Под защитой береговых обрывов около самого берега было совершенно тихо. Мы часто отдыхали и, опустив весла в воду, любовались чудесными картинами, которые, как в гигантской панораме, все время сменяли одна другую. За горой Скалистой от берега выступал одинокий утес, похожий на горбатого человека, за ним был виден острый мыс, напоминающий голову великана в какой-то странной шапке, дальше два камня торчали из воды точно ослиные уши, затем опять каменные бабы, за ними опять мысы, обрывы и т. д. Когда мы подъезжали к ним, иллюзия пропадала, и горбатый человек и голова великана снова принимали форму утеса и уже совершенно не были похожи на то, что мы видели раньше.
Несмотря на то что мы не гребли, лодка наша, хотя и медленно, но равномерно двигалась вдоль берега. Нас несло береговое течение. В Татарском проливе оно наблюдается около всех мысов у берегов Уссурийского края. Направление движения воды происходит всегда вдоль берега от северо-северо-востока к юго-юго-западу. Эти течения бывают главным образом летом тогда, когда дуют муссоны. Они гонят волнением воду к материку, вследствие чего в бухтах около устьев рек повышают уровень моря фута на два или на три. Если мы примем во внимание почти замкнутый пролив Татарский (в данном случае говорится о мелководье лимана), если мы примем во внимание еще и движение воды из Амура по фарватеру около острова Сахалина, то станет понятным, почему течение, о котором говорилось выше, происходит вдоль берега не на север, а к стороне открытого моря. Раз только воде был дан толчок к югу, она неизменно продолжала и продолжает в силу инерции двигаться в этом направлении. Это особенно заметно, когда бросишь в воду с берега какой-либо предмет или убьешь птицу, и она упадет в море. Несмотря на ветер, дующий к материку, птицу не прибивает волнением к берегу и всегда уносит к южному мысу.
Так было и с нашей лодкой. Вся разница была только в том, что ветер дул не с моря на материк, а обратно с материка на море. Отсюда мы вправе заключить, что в образовании берегового течения принимают участие не одни только муссоны, дующие со стороны юго-юго-запада, но и другие факторы, которых мы пока еще не знаем.

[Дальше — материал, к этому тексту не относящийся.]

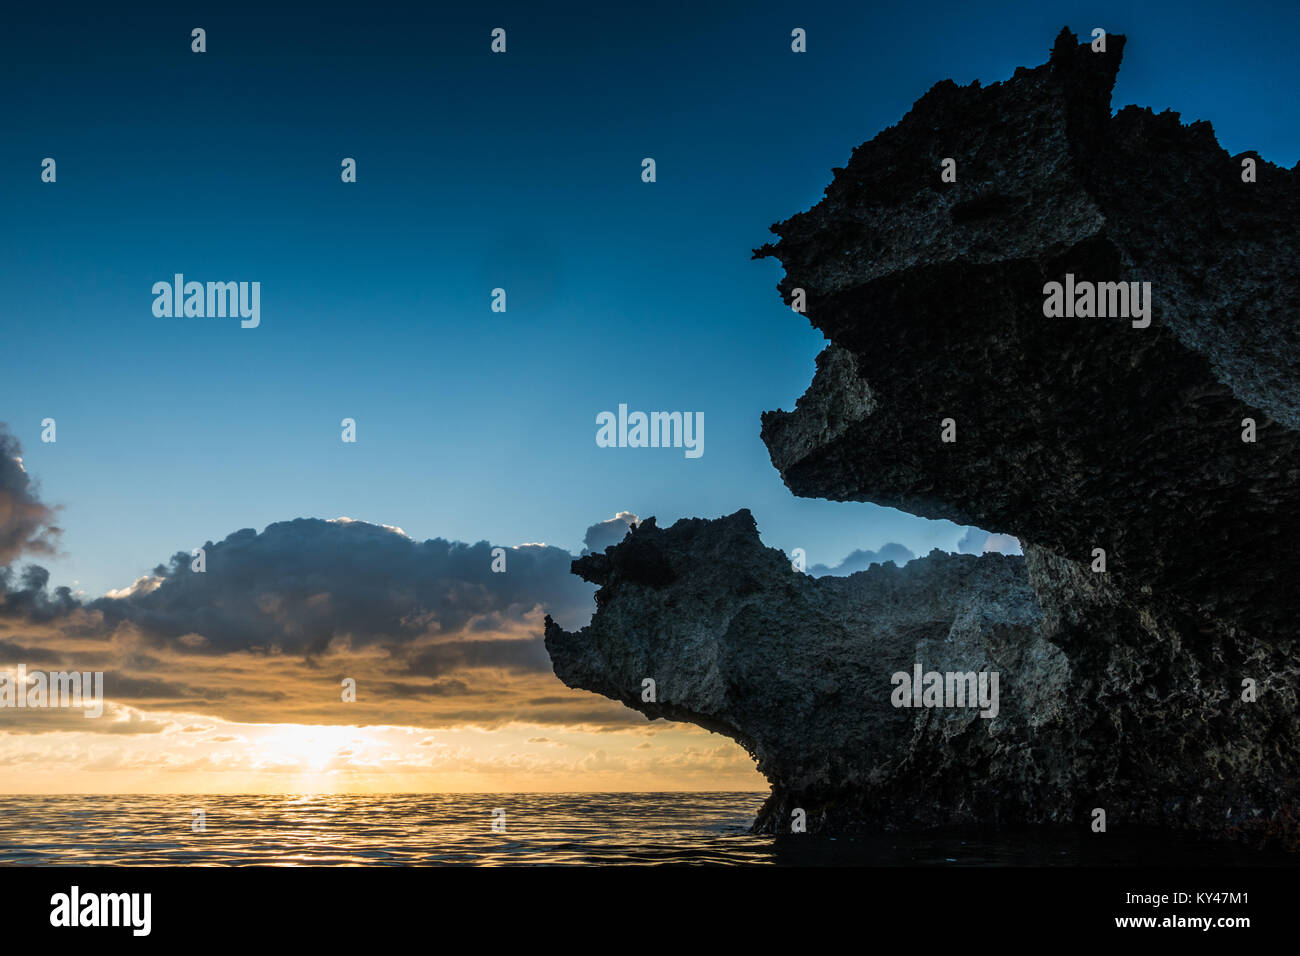 View to big volcanic rocks in sunset lights in San-Andres island, Caribbean. Stock Photo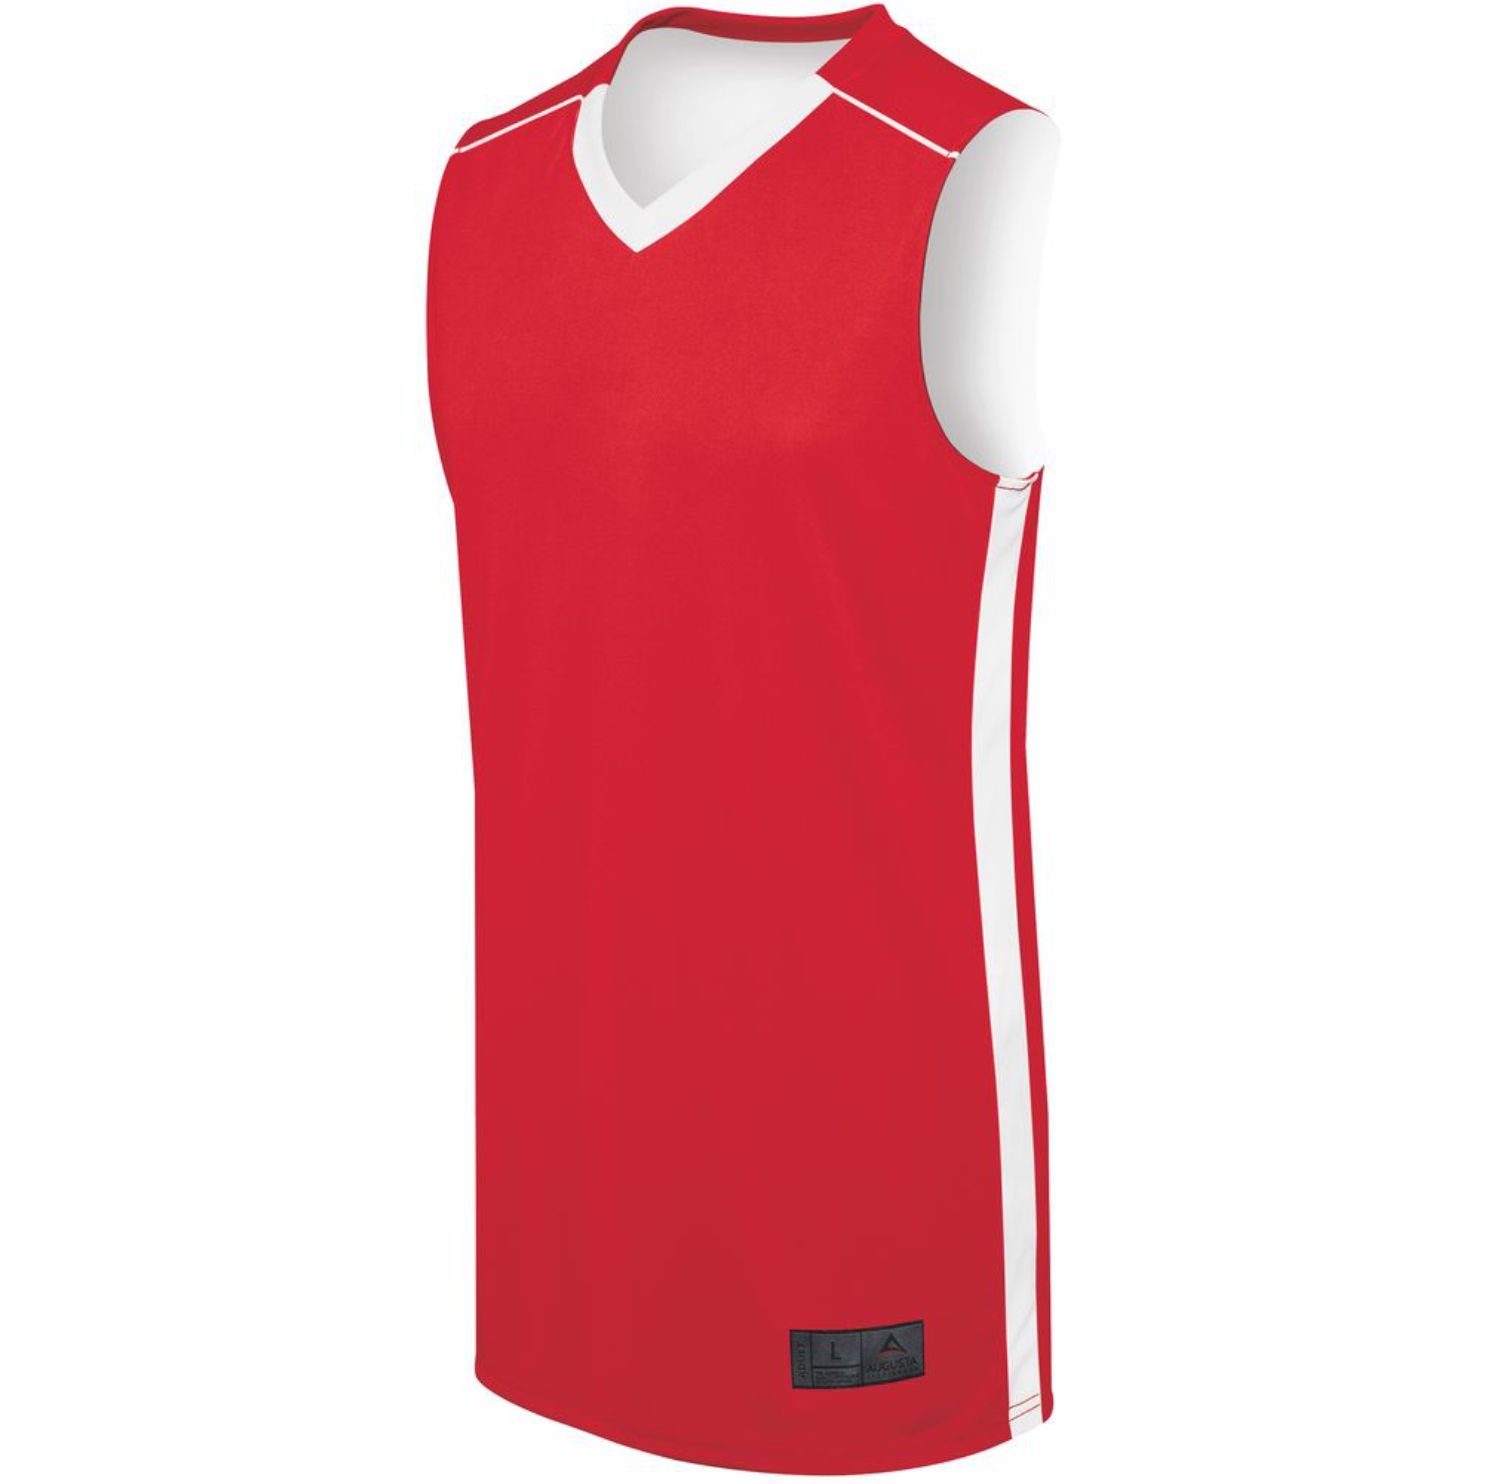 Augusta Sportswear Adult Competition Reversible Jersey #332400 Red / White

Сегодня мы имели случай наблюдать, как бакланы сушат свои крылья. Около одного из мысов в воде между камнями плавало множество этих птиц. Они постоянно ныряли в воду и доставали со дна какую-то мелкую рыбешку, которую тут же и глотали. Некоторые из них, видимо, уже насытились. Они взобрались на камни и, усевшись лицом против ветра, распускали по очереди то одно крыло, то другое. Во время нырянья за рыбой в перья бакланов попала вода и теперь они их сушили. Оба крыла сразу баклан распустить не может, потому что ветер тотчас же заставит его подняться на воздух, но одно оно не мешает ему сидеть спокойно. Птицы инстинктивно это понимают и потому развертывают крылья по очереди.
Как ни не хотели усталые птицы лететь, но приближающаяся лодка заставила их подняться с камня. Они шумно снялись и стали кружиться на одном месте. Впрочем, как только мы прошли эти камни, они тотчас же спустились на них и снова принялись за просушку своей одежды.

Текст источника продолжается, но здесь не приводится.